By the way, if Google Colaboratory says "I can't use it for a while, please wait" and you can't wait, try this method.
First, you need to have Compute Engine and Cloud TPU enabled.
The first time it is displayed as below (image at the time of writing)
For Compute Engine
"Navigation menu"-> "Compute Engine"-> "VM and instance" in the upper left
Preparation starts automatically.
For Cloud TPU
"Navigation menu"-> "Compute Engine"-> "TPU" on the upper left
The first time you need to select "Enable API". (Please be assured that TPU billing will not start with this alone)
If you're ready or already enabled, open Cloud Shell.
Cloud Shell has an icon like the one below in the upper right corner.
After waiting for a while and opening it, start the VM and TPU at the same time with the ctpu command
.
ctpu up --zone=us-central1-b --tf-version=1.15 --machine-type=n1-standard-4 --name=mytpu --preemptible --preemptible-vm
The important point here is to put preemptible
in the VM and TPU options,
That is to use preemptive.
The following table shows the results calculated by the official pricing tool when the location of TPU V2 is us-central1.
TPU Class | Regular | Preemptible |
---|---|---|
Per hour | About 485 yen | About 146 yen |
For preemptive information, please refer to the Official Document.
You can do the same from the console or the gcloud command.
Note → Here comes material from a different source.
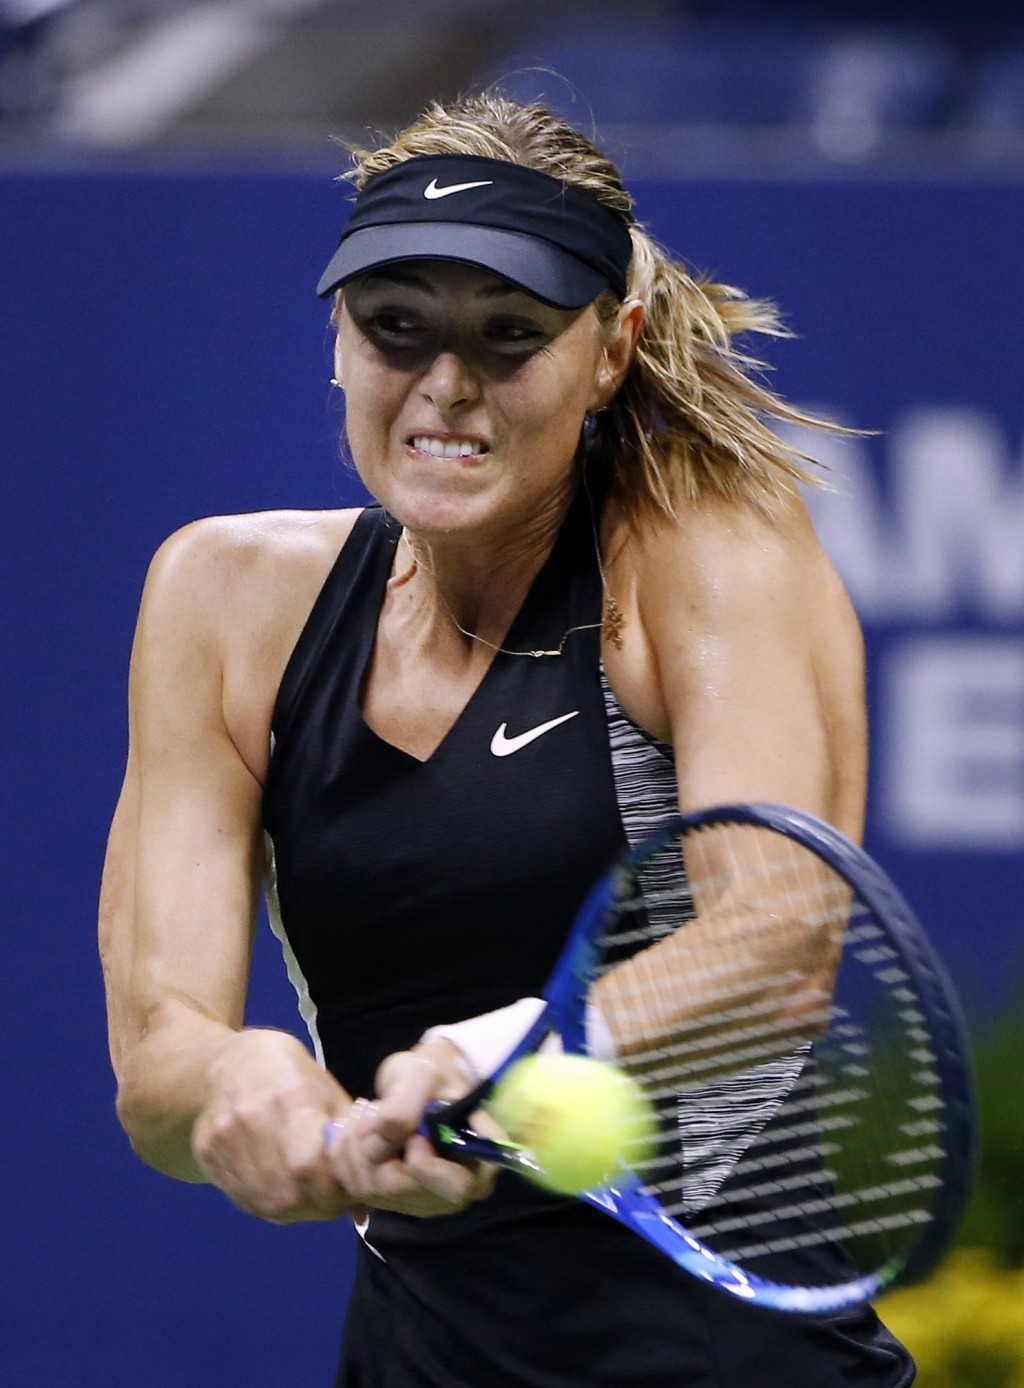 Maria Sharapova, of Russia, returns a shot to Carla Suarez Navarro, of Spain, during the fourth round of the U.S. Open tennis tournament, Monday, Sept...

Details can be found in the official documentation, Creating and Deleting TPUs (https://cloud.google.com/tpu/docs/creating-deleting-tpus?hl=ja).
When you execute the command, a confirmation will be displayed as shown below.
Name: mytpu
Zone: us-central1-b
GCP Project: gcp-project-123
TensorFlow Version: 1.15
VM:
Machine Type: n1-standard-4
Disk Size: 250 GB
Preemptible: true
Cloud TPU:
Size: v2-8
Preemptible: true
Reserved: false
OK to create your Cloud TPU resources with the above configuration? [Yn]:
Type y
and press ʻEnter / returnto start each creation. The reason I chose
n1-standard-4` for the machine type is just because it is close to the memory of the Google Colaboratory environment, so change it if necessary.
By the way, if you accidentally delete the default service account of Compute Engine, you will not be able to create it with the above ctpu command.
2020/06/20 00:00:00 Creating Compute Engine VM mytpu (this may take a minute)...
2020/06/20 00:00:07 TPU operation still running...
2020/06/20 00:00:07 error retrieving Compute Engine zone operation:
(For an error like this ... When did you erase it?) I didn't know the solution so I recreated the new project.
"... Let's go back in time."
Cloud TPU will be charged in seconds. If you can confirm that it has started up safely, let's stop it for the time being.
When the instance starts successfully, let's enter from "SSH" below.
When the connection was completed, the console screen opened as shown below.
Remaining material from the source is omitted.